It's not so much that "it will never happen here" as the odds of it happening in most places are so small that it's just not worth the staff time and aggravation of checking everyone's ID.  The Halifax dockyard, home to over half of the ships in the navy and quite a bit of supporting infrastructure, requires a different level of security from a small-town armoury which contains nothing of strategic value and is home to a unit all of whose members know one another.


----------



## Chimo (9 Sep 2005)

It seems to me I have to show my ID Card any time I need to process a claim or any number of admin/med actions. Perhaps the Reserves move in different circles.   

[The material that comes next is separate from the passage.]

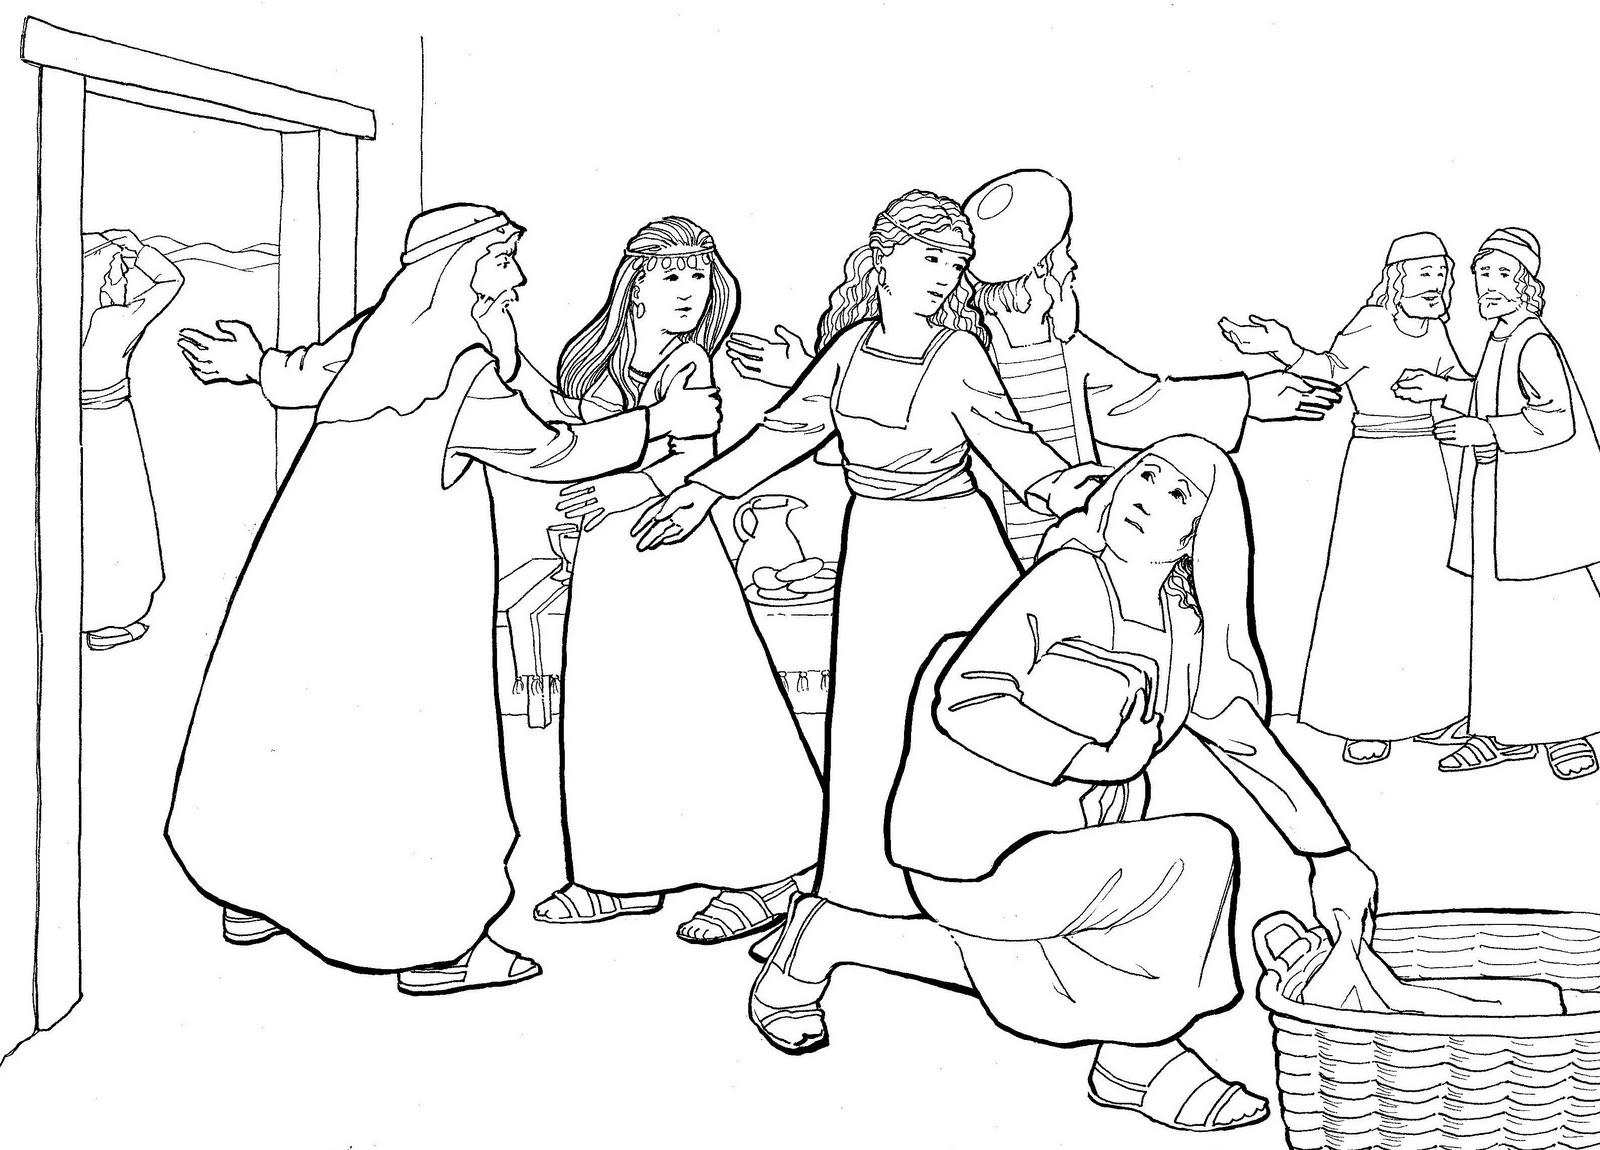 Make A Joyful Color Bible Illustrating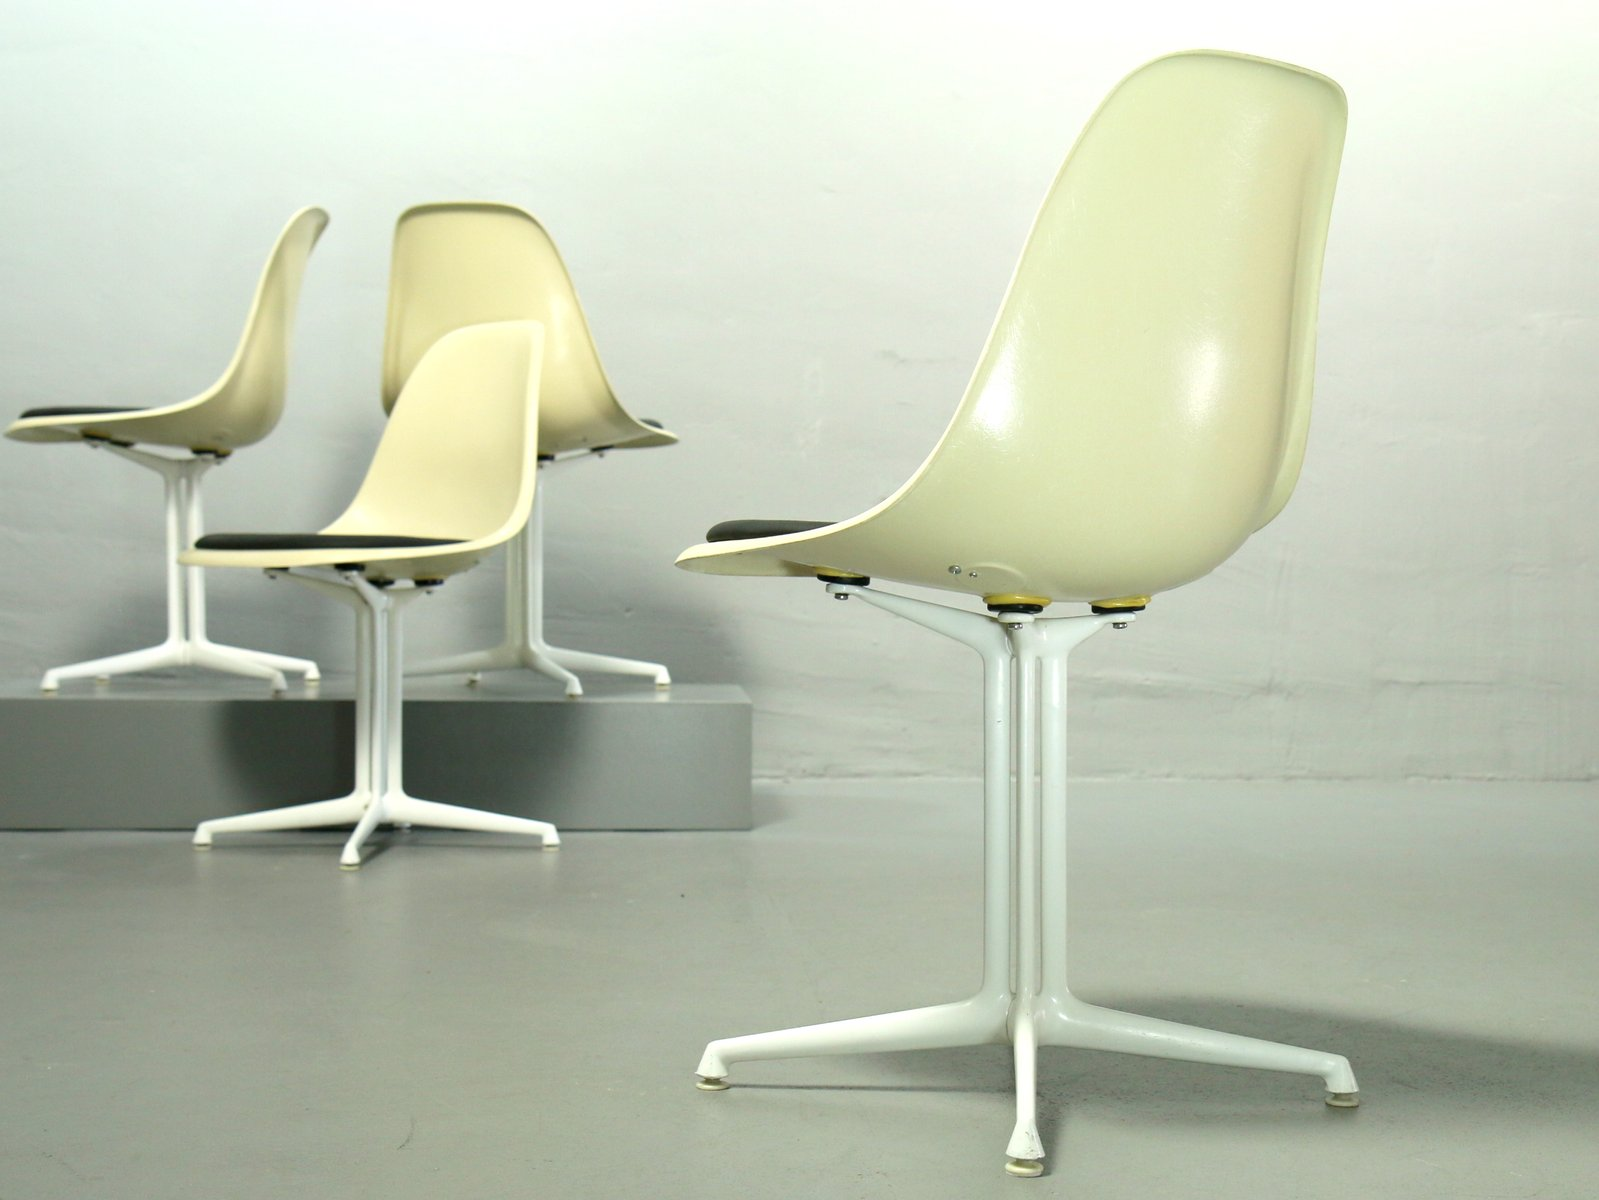 fiberglas st hle von charles ray eames f r vitra 4er set bei pamono kaufen. Black Bedroom Furniture Sets. Home Design Ideas

I work in the US and you can't buy a jug of milk at the PX without an ID Card, let alone access the Base. Seems they have a different priority of security. As far as Armouries not being a strategic target I would agree but they probably would make a very good symbolic target.


----------



## Lost_Warrior (9 Sep 2005)

> The Halifax dockyard, home to over half of the ships in the navy and quite a bit of supporting infrastructure, requires a different level of security from a small-town armoury which contains nothing of strategic value and is home to a unit all of whose members know one another.



Well, to be fair, I have been to ValCartier a lot.  I can't count the number of times the guy at the gate waived me by because I was in uniform.    Valcartier is home to the 3 R22R and the 12 RBC.   

All some terrorist &^$%# has to do is get his hands on a fake CADPAT uniform and beret and drive his way into the base, then it's open season on whatever target he choses is worthy.

The same for Meaford when I was there.   Driving in and out of the base in uniform was a breeze.  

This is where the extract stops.